### [INSTRUCTIONS FOR THE TASK]
Span requested from the data below: the line with "日産用 USB USB-C" through the line with "Tehri Districts, Kafulta", both included. Give only these lines again, exactly, and leave every picture out.

### [EXERCISE DATA]
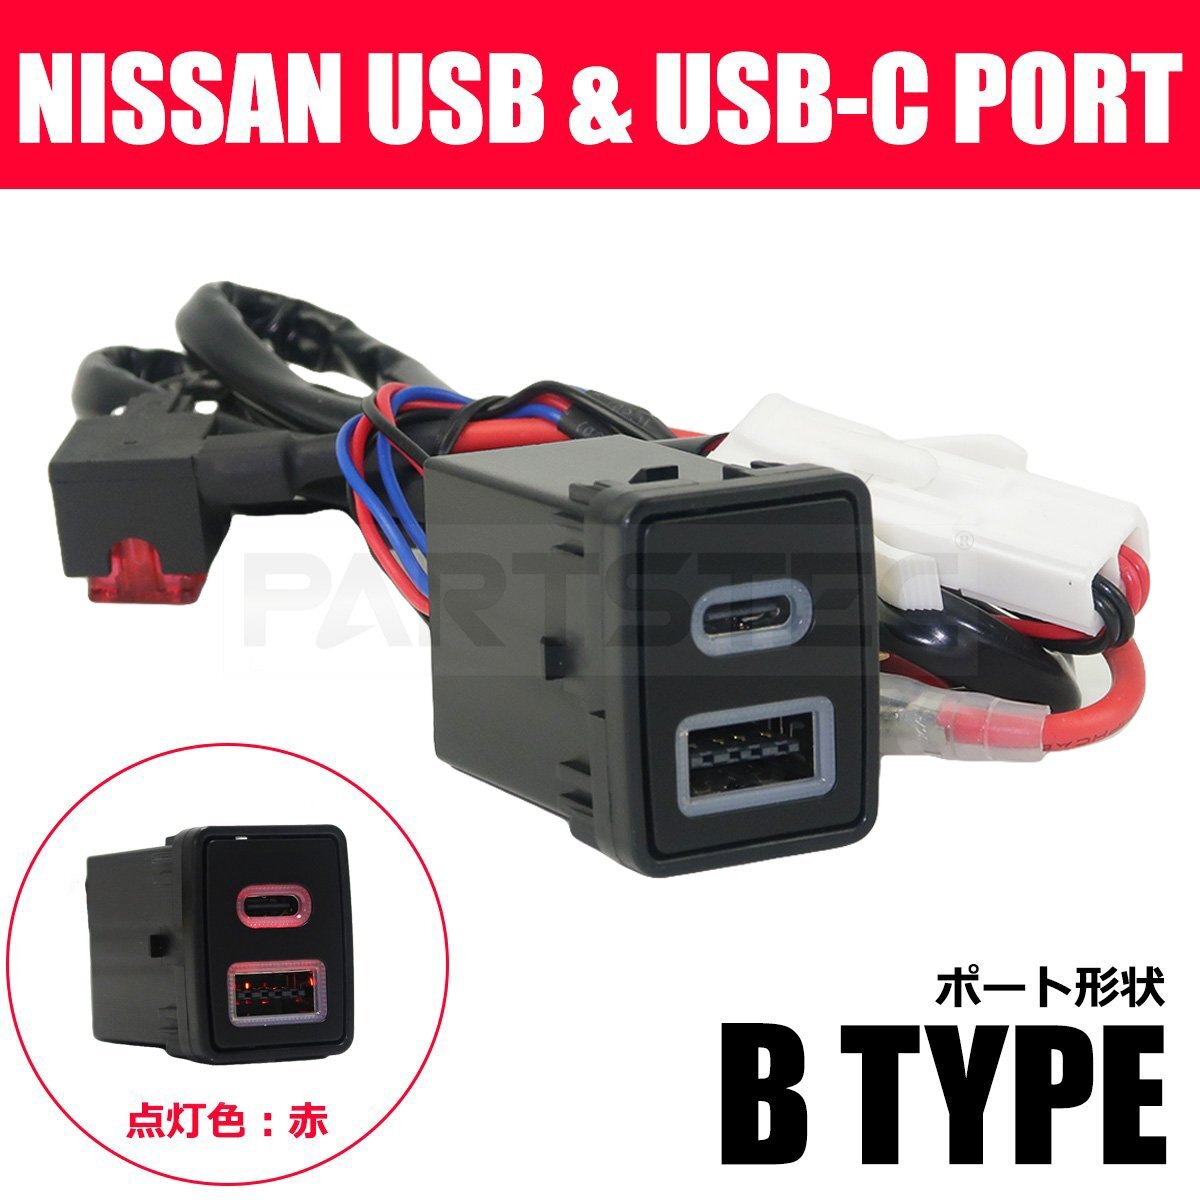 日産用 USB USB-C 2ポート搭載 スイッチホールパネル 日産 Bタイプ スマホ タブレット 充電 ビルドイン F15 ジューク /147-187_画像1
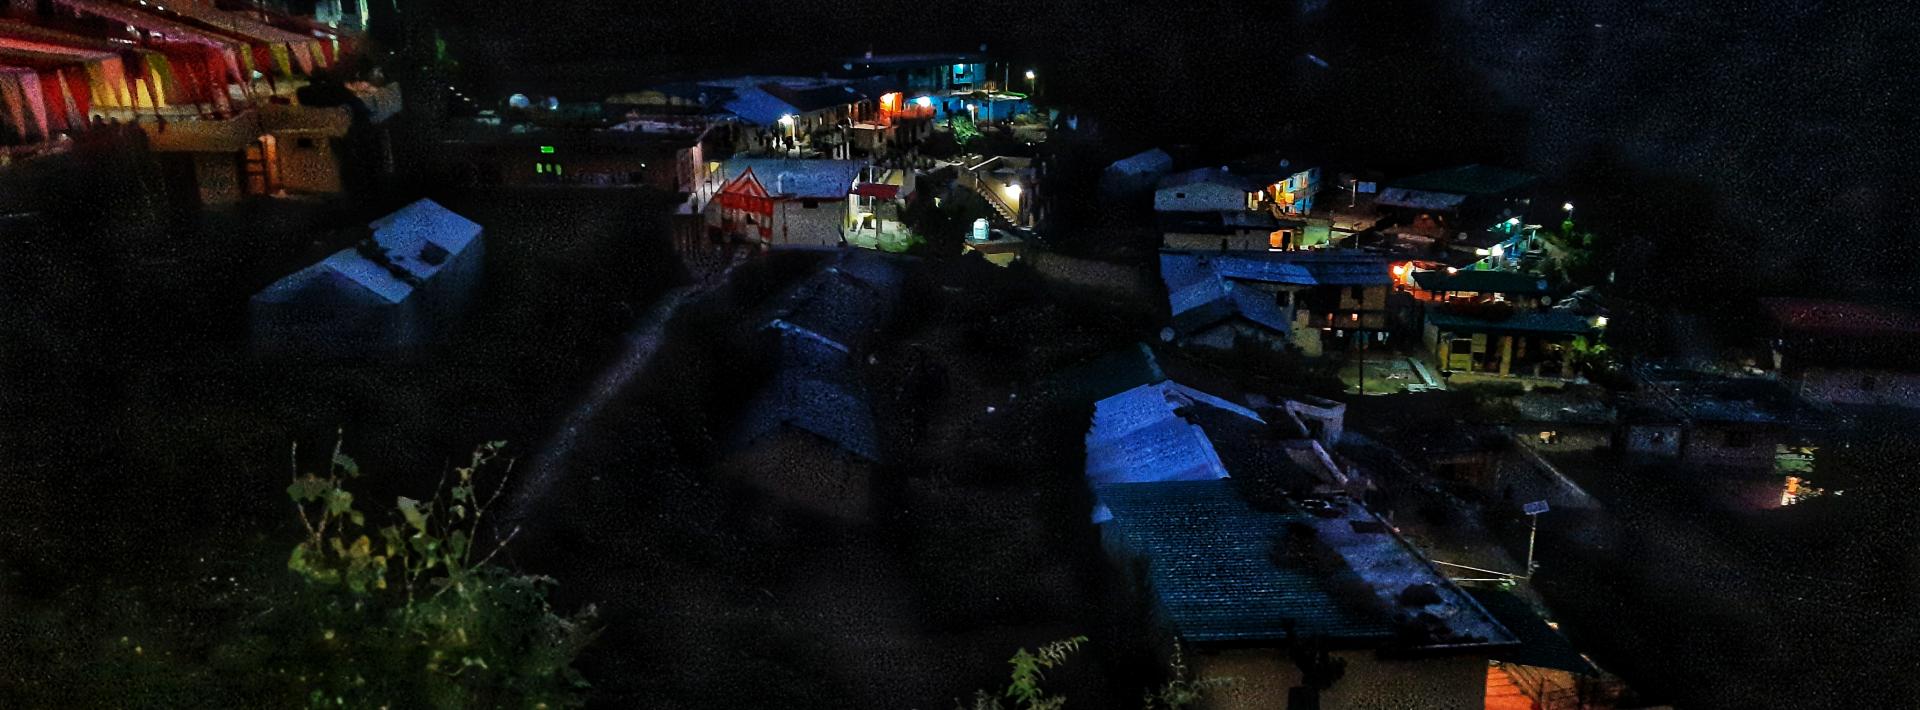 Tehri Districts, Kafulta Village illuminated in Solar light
...
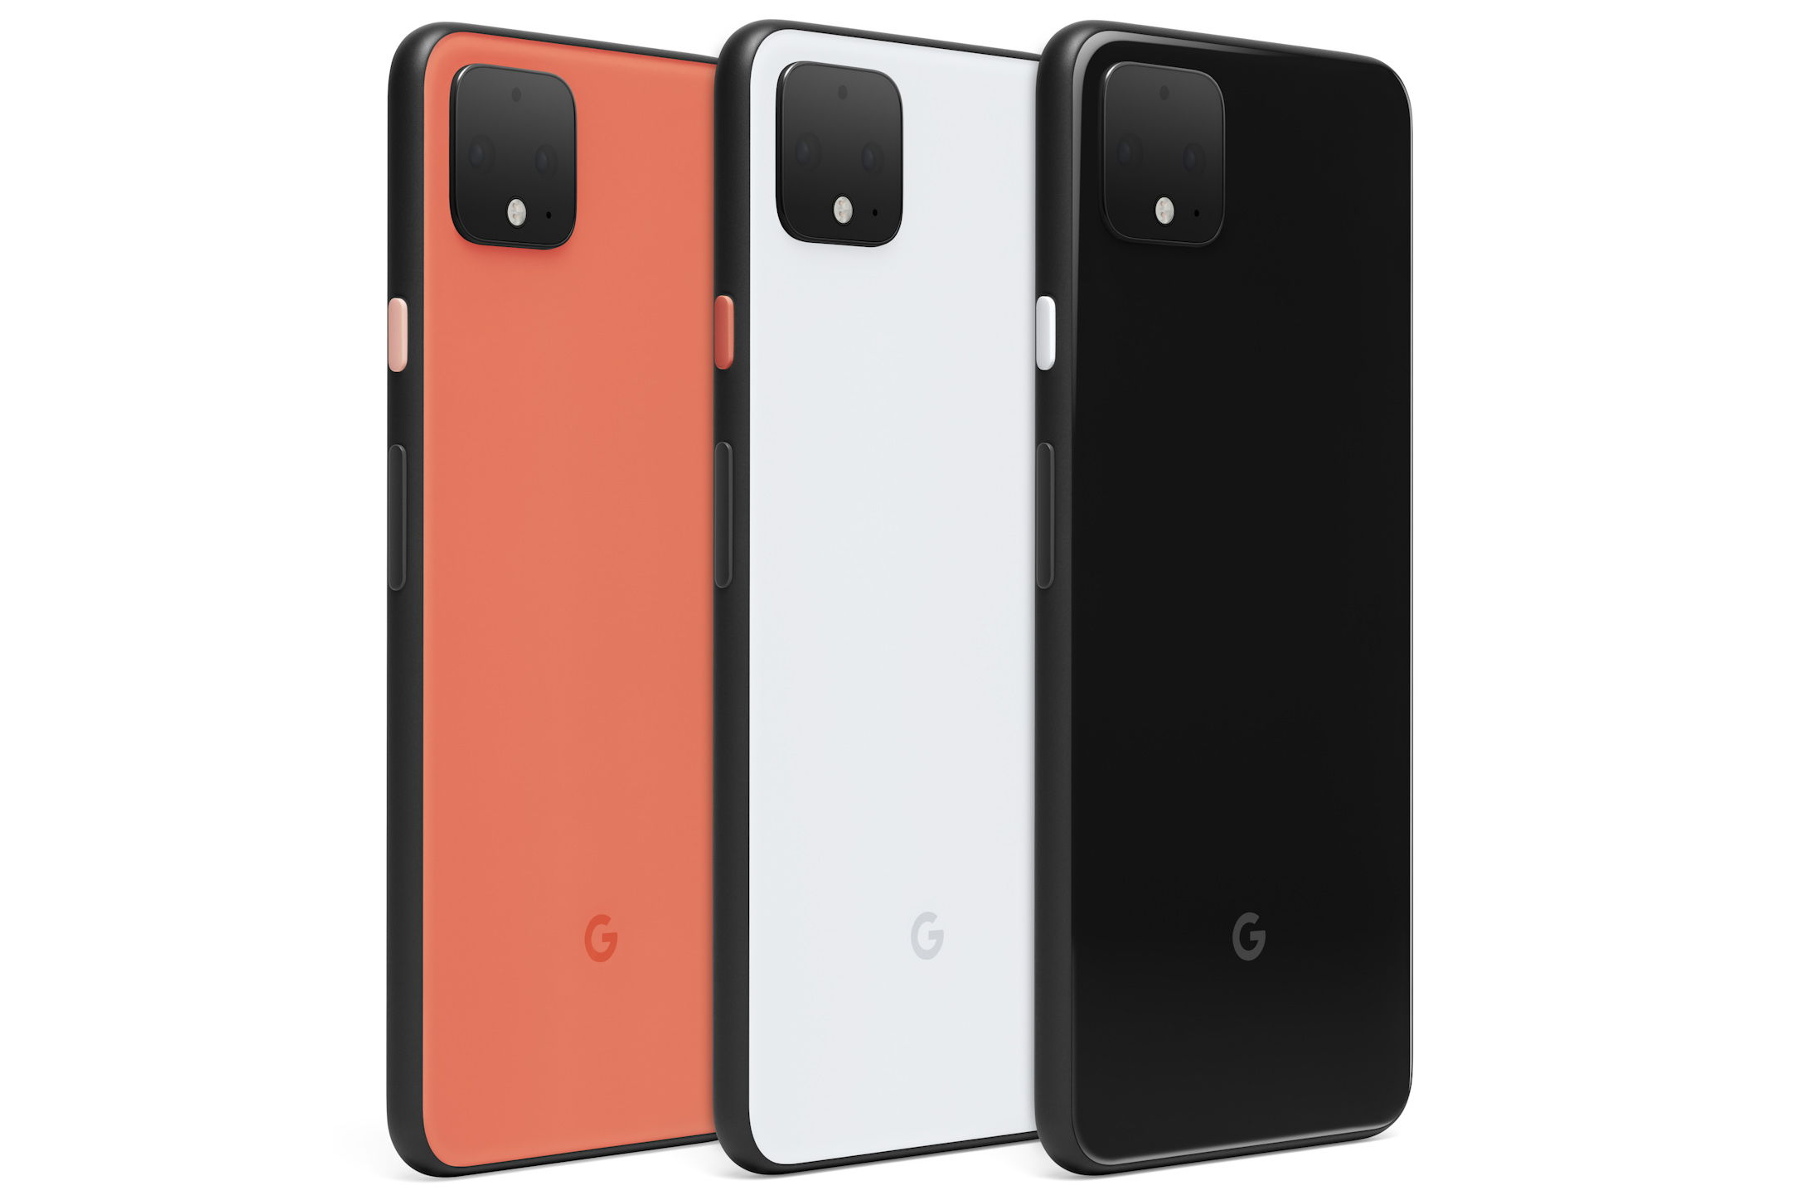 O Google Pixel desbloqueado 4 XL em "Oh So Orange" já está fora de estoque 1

### [COMPLETED TASK]
 日産用 USB USB-C 2ポート搭載 スイッチホールパネル 日産 Bタイプ スマホ タブレット 充電 ビルドイン F15 ジューク /147-187_画像1
 Tehri Districts, Kafulta Village illuminated in Solar light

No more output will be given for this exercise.